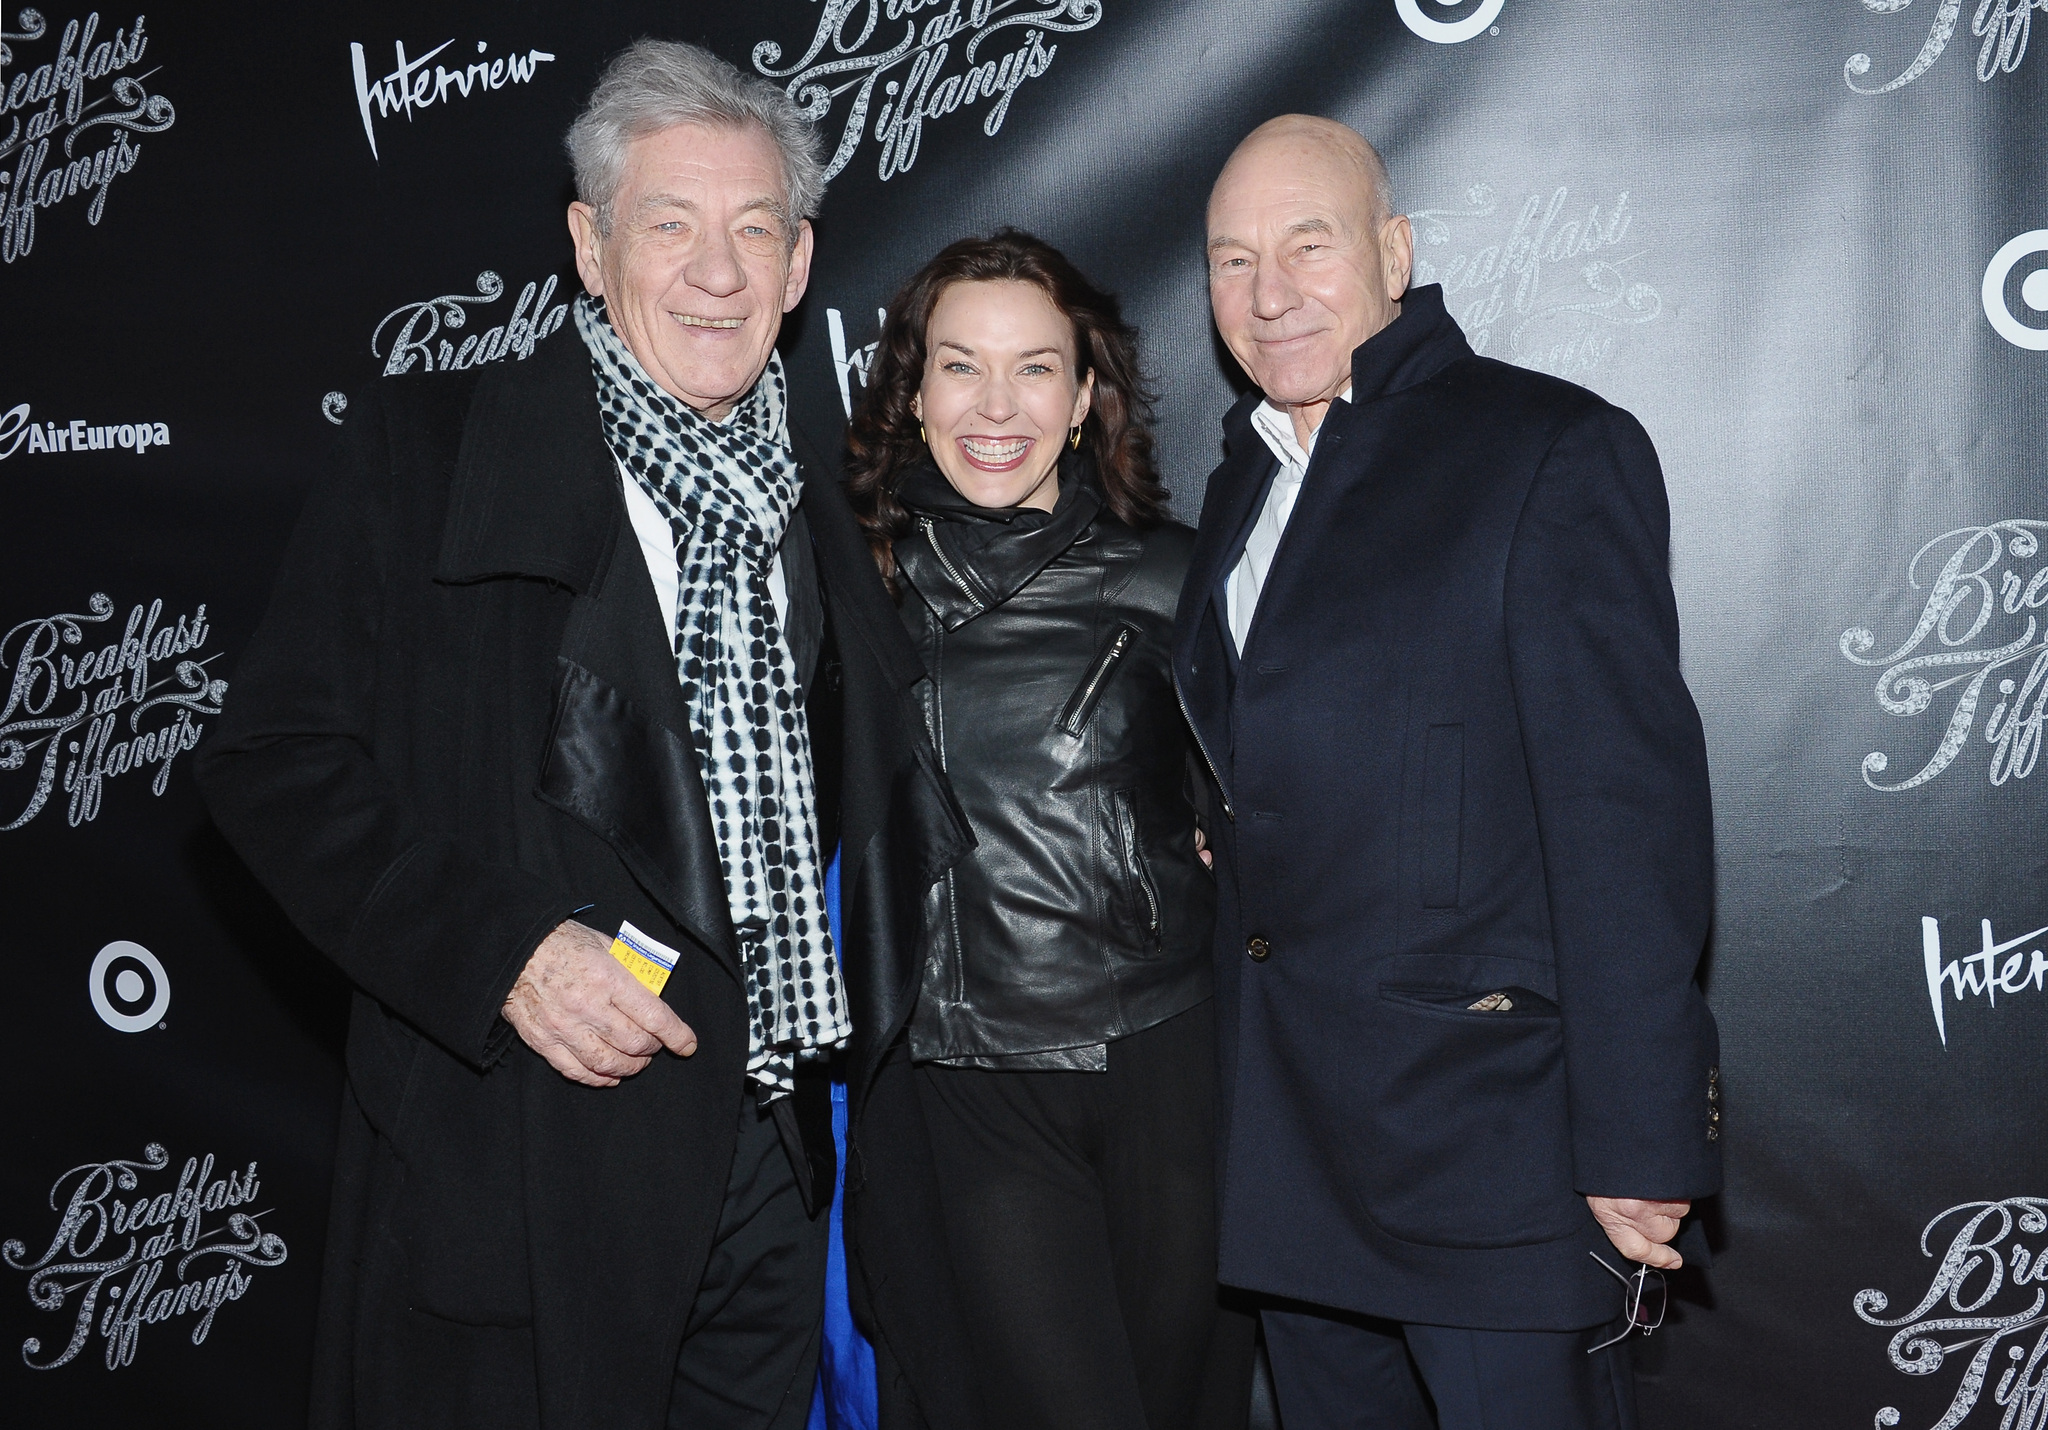 Actor Sir Ian McKellen, Sunny Ozell and actor Patrick Stewart attend the 
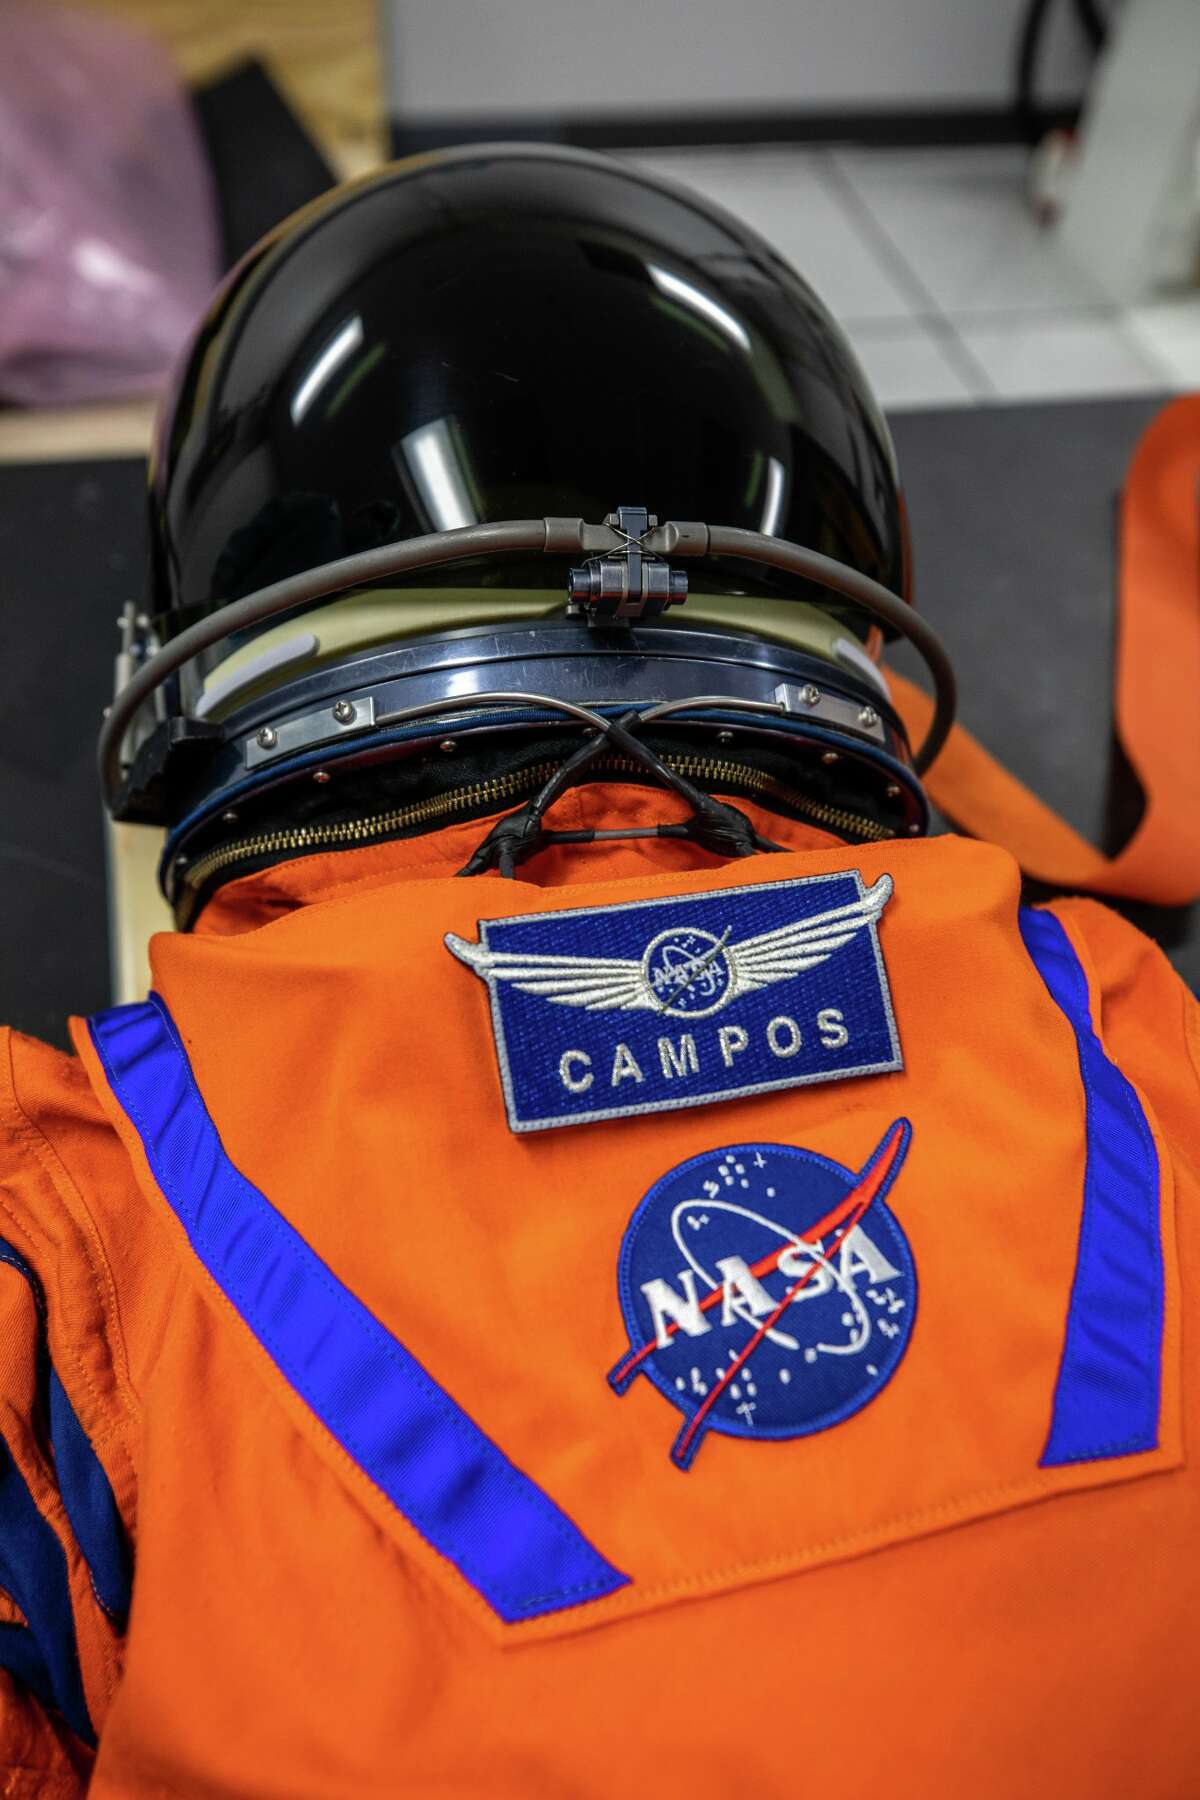 Pictured is NASA's “Commander Moonikin Campos,” a mannequin which is named after Laredo's Arturo Campos, who helped bring the crew of Apollo 13 home safely after a major malfunction. The moonikin will be part of the Artemis I mission, collecting data for Artemis II, which will be the first crewed mission around the moon in over 50 years.
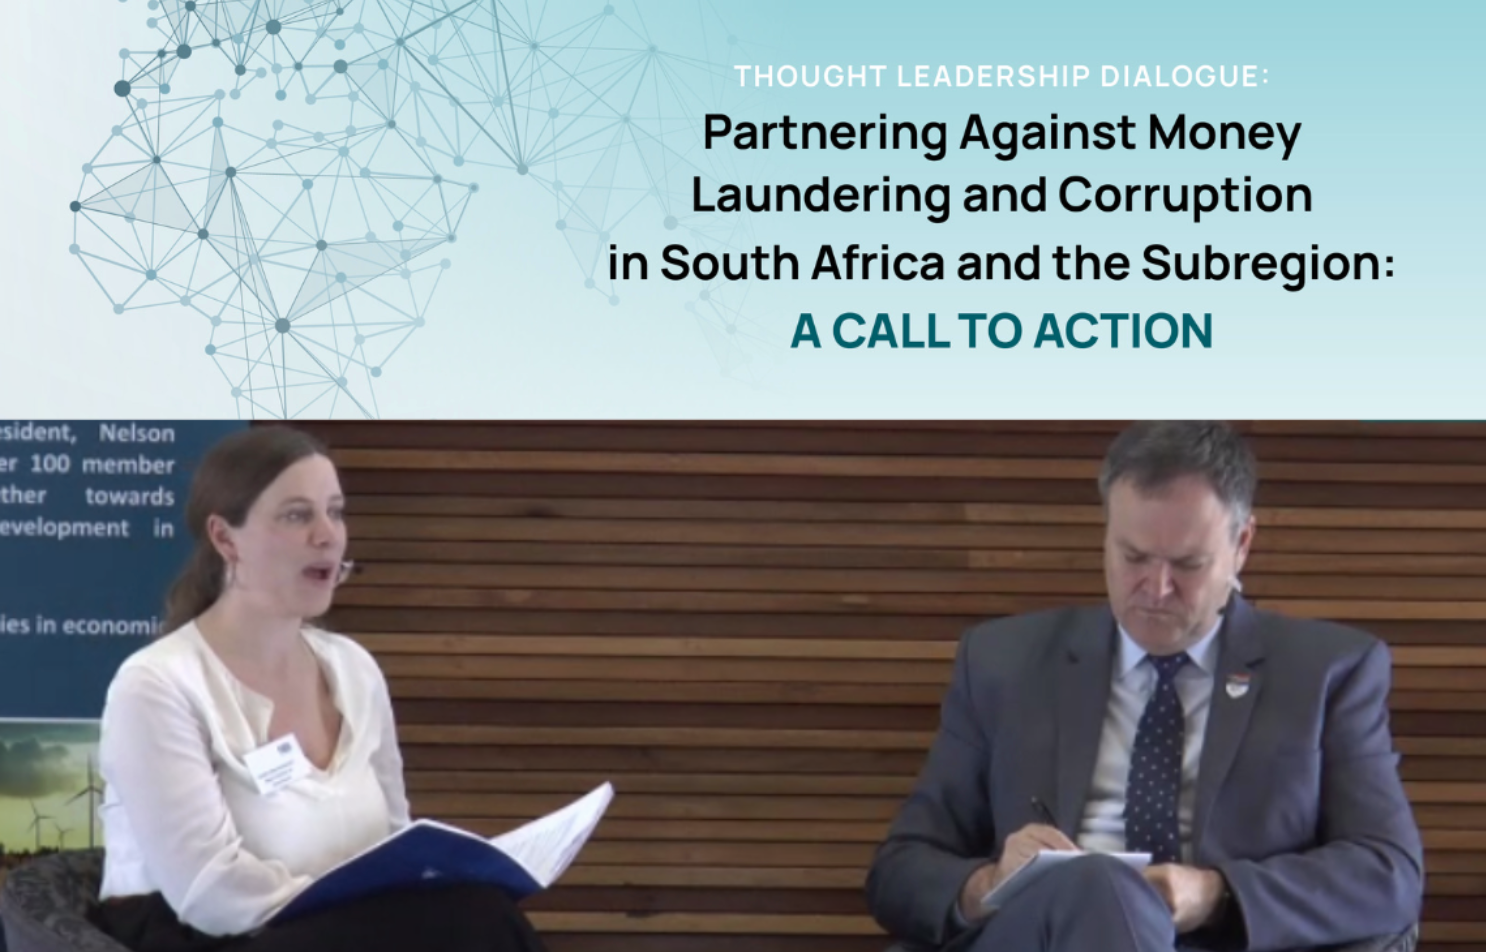 Partnering against money laundering and corruption

WHAT IS EXPECTED ::
Leaving out only the pictures, reproduce the listing exactly.

ANSWER SPACE ::
 Actor Sir Ian McKellen, Sunny Ozell and actor Patrick Stewart attend the 
 Pictured is NASA's “Commander Moonikin Campos,” a mannequin which is named after Laredo's Arturo Campos, who helped bring the crew of Apollo 13 home safely after a major malfunction. The moonikin will be part of the Artemis I mission, collecting data for Artemis II, which will be the first crewed mission around the moon in over 50 years.
 Partnering against money laundering and corruption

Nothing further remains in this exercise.